Na createIT, ele usa IA com cuidado.

A diferença entre “spam” e “suporte” é clara. Conteúdo spam pode ser uma análise de slot gerada por IA com 1.000 palavras, repetindo palavras-chave sem insight. Já conteúdo com suporte pode usar IA para compilar estatísticas básicas antes que um editor humano adicione análise original, psicologia do jogador e contexto de mercado.

“Usamos ferramentas de IA, mas apenas para apoiar, não substituir, nosso trabalho criativo e estratégico. Entrada ruim gera saída ruim — esse é um risco real.”

Uma página bem posicionada que não fala com ninguém é silenciosa. Bartek sabe que o algoritmo decide visibilidade, mas só a relevância gera confiança.

“IA não entende de fato a psicologia do jogador. Falta-lhe a capacidade de analisar sinais sutis ou gatilhos emocionais que impulsionam engajamento e conversão.”

E quanto ao crescimento de ferramentas de detecção de IA?

“Elas estão obrigando os afiliados a repensar totalmente suas estratégias de SEO. Não dá mais para apenas gerar texto. É preciso profundidade, originalidade e intenção.”

A visão do CEOpen Mic

O podcast de Bartek, CEOpen Mic, se tornou um ponto de referência para o mundo dos afiliados. O que ele ouve com mais frequência?

“O tema recorrente é que afiliados querem mais transparência e previsibilidade. Muitos sentem que estão operando no escuro.”

Responsabilidade, diz Bartek, é o cimento da relação. Perdeu isso, tudo desmorona, não importa quão sofisticado seja o painel.
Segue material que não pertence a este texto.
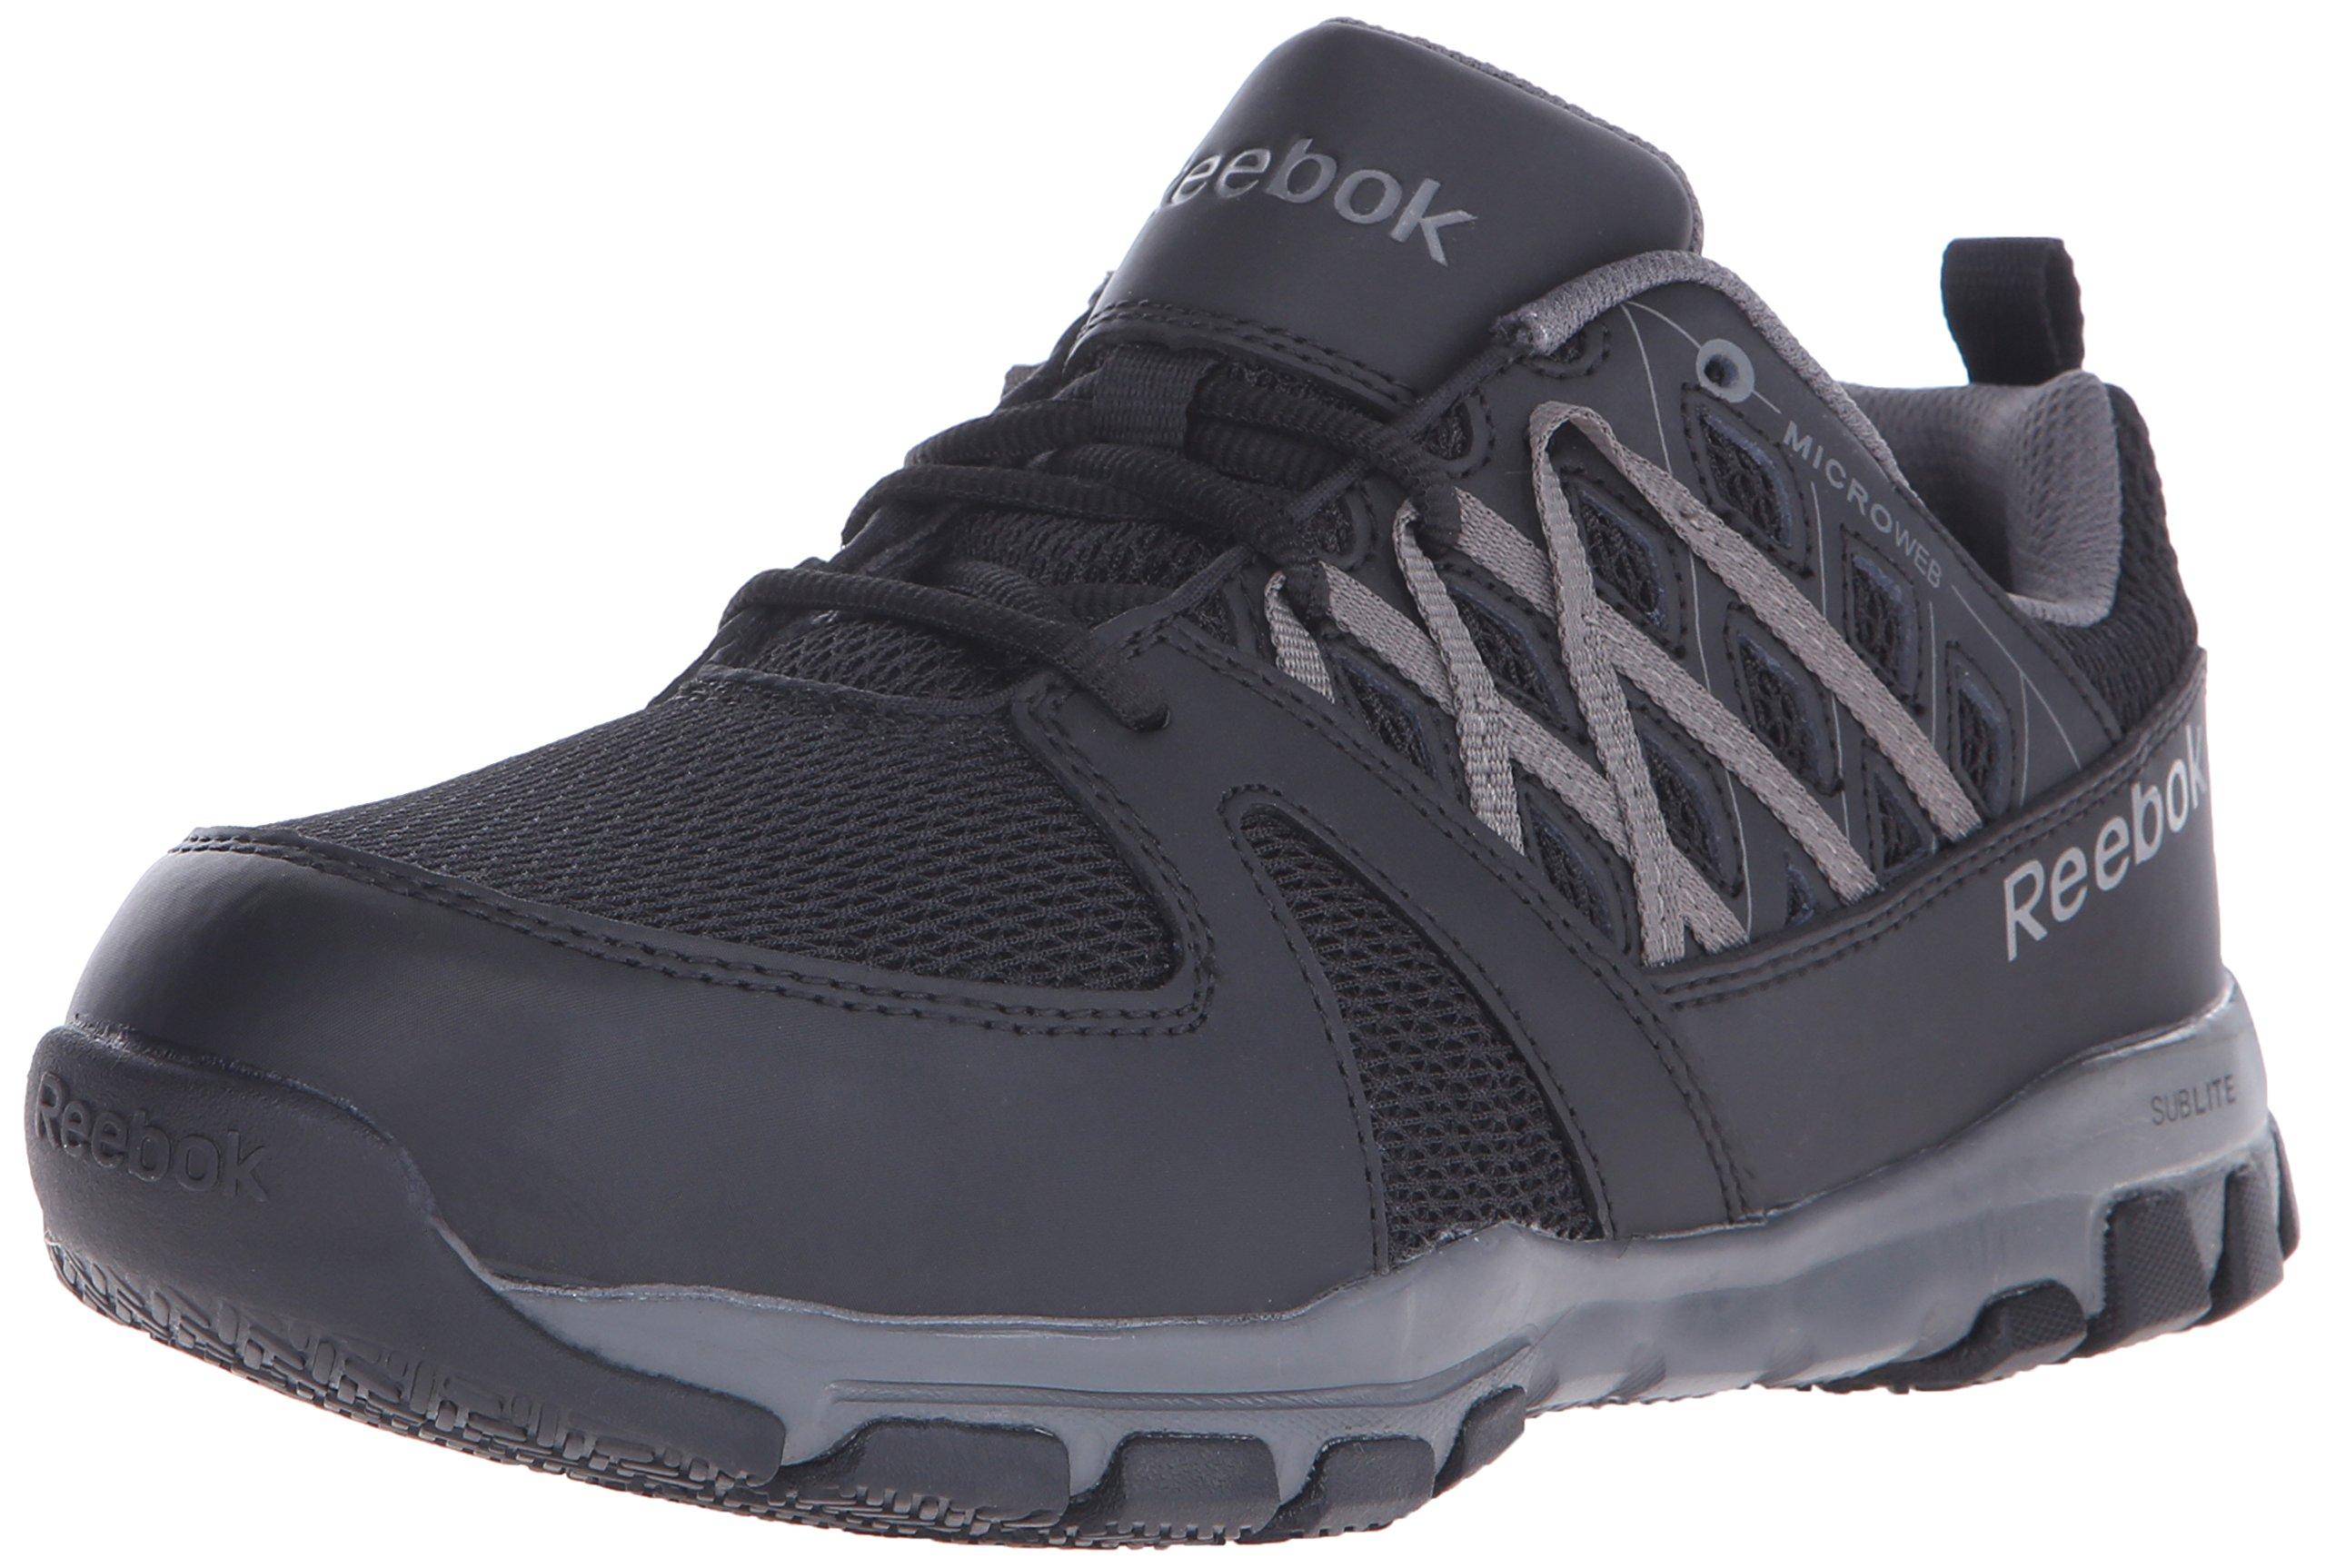 Reebok Work Men's Sublite RB4016 Work Shoe, Black, 10.5 W US by Reebok Work
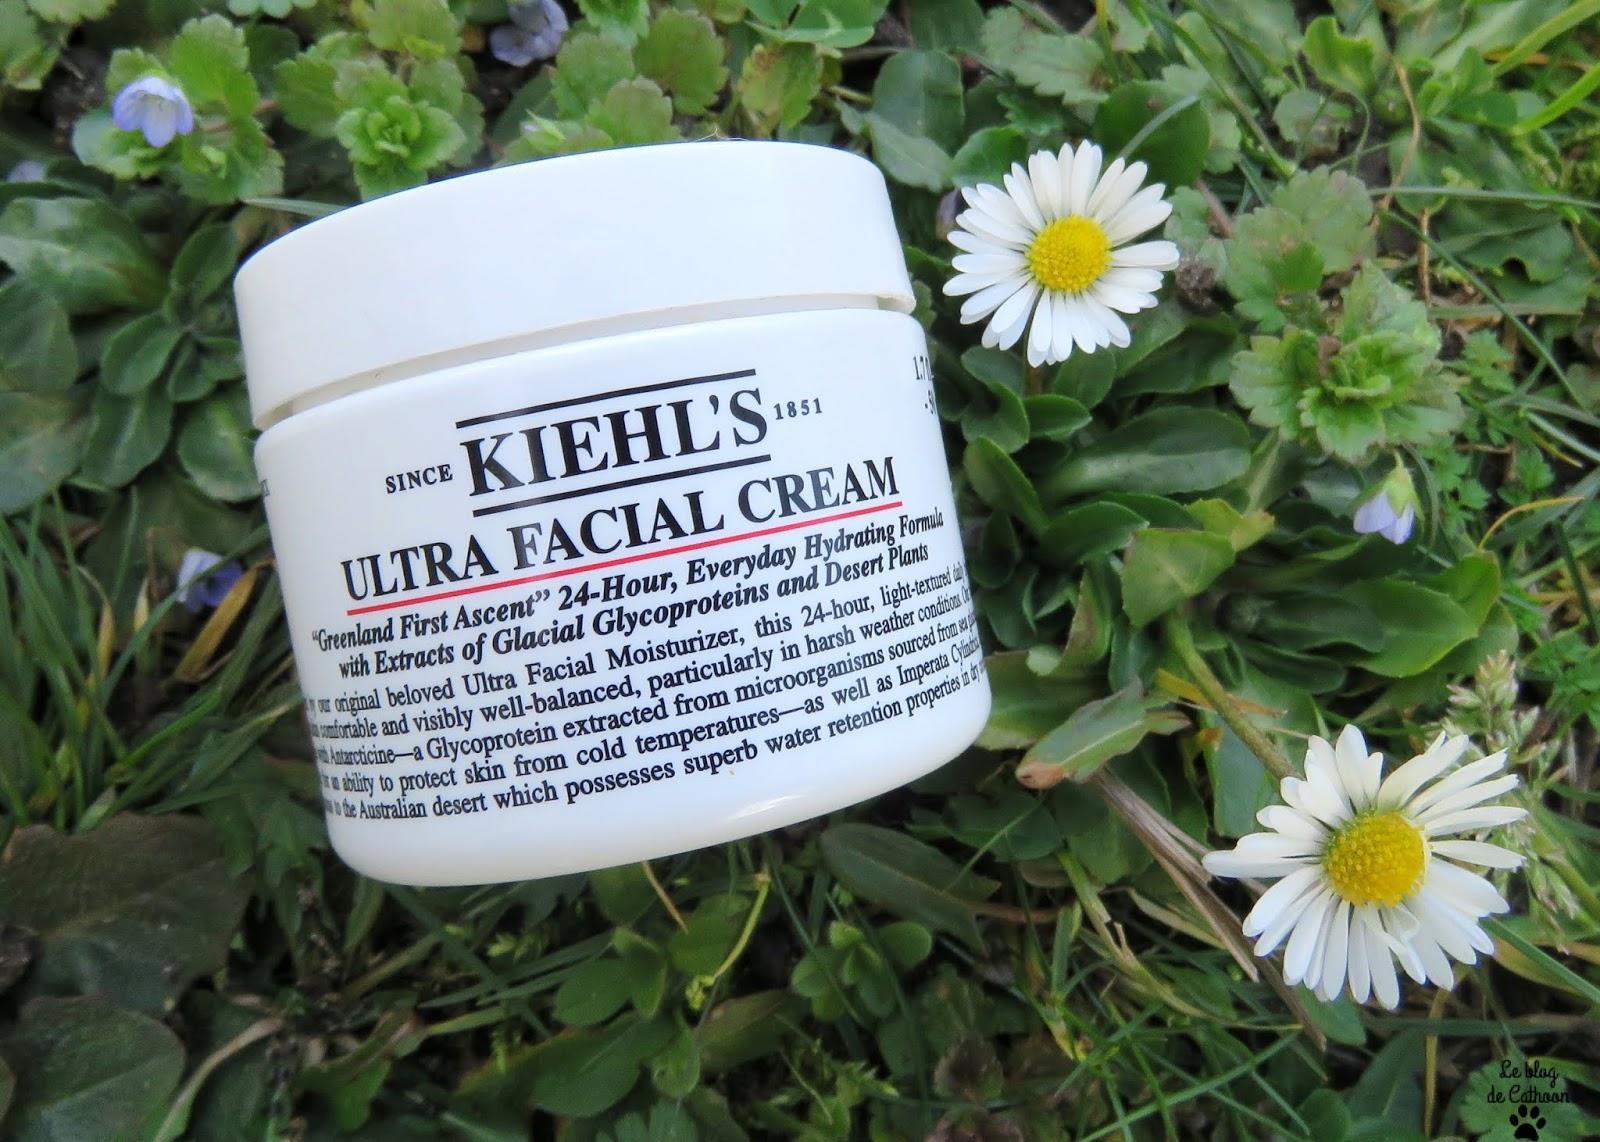 Ultra Facial Cream - Crème Hydratante - Kiehl's

“Há uma demanda crescente para que operadores sejam responsabilizados pelos mesmos padrões de desempenho que os afiliados. Se a conversão cair, todos devem perguntar o motivo, e não apenas culpar o afiliado.”

Algum convidado se destacou?

“Vários compartilharam estratégias que focam em construir valor de marca, não apenas em resultados rápidos. Essa é a mudança de mentalidade que precisamos ver mais.”

O marketing de afiliados no iGaming não está quebrado, mas está machucado. IA, fadiga de influenciadores e lacunas globais forçam uma reflexão séria.

A mensagem de Bartek Borkowski é clara: se o marketing de afiliados no iGaming quiser sobreviver em 2025, precisa retornar ao que o tornou poderoso desde o início: entregar valor aos jogadores, gerar confiança e construir relacionamentos genuínos.

*Bartek Borkowski – Fundador e sócio-gerente da createIT. É também apresentador do CEOpen Mic, podcast em que conversa com executivos de alto nível da indústria de iGaming sobre suas trajetórias, motivações, sucessos e falhas.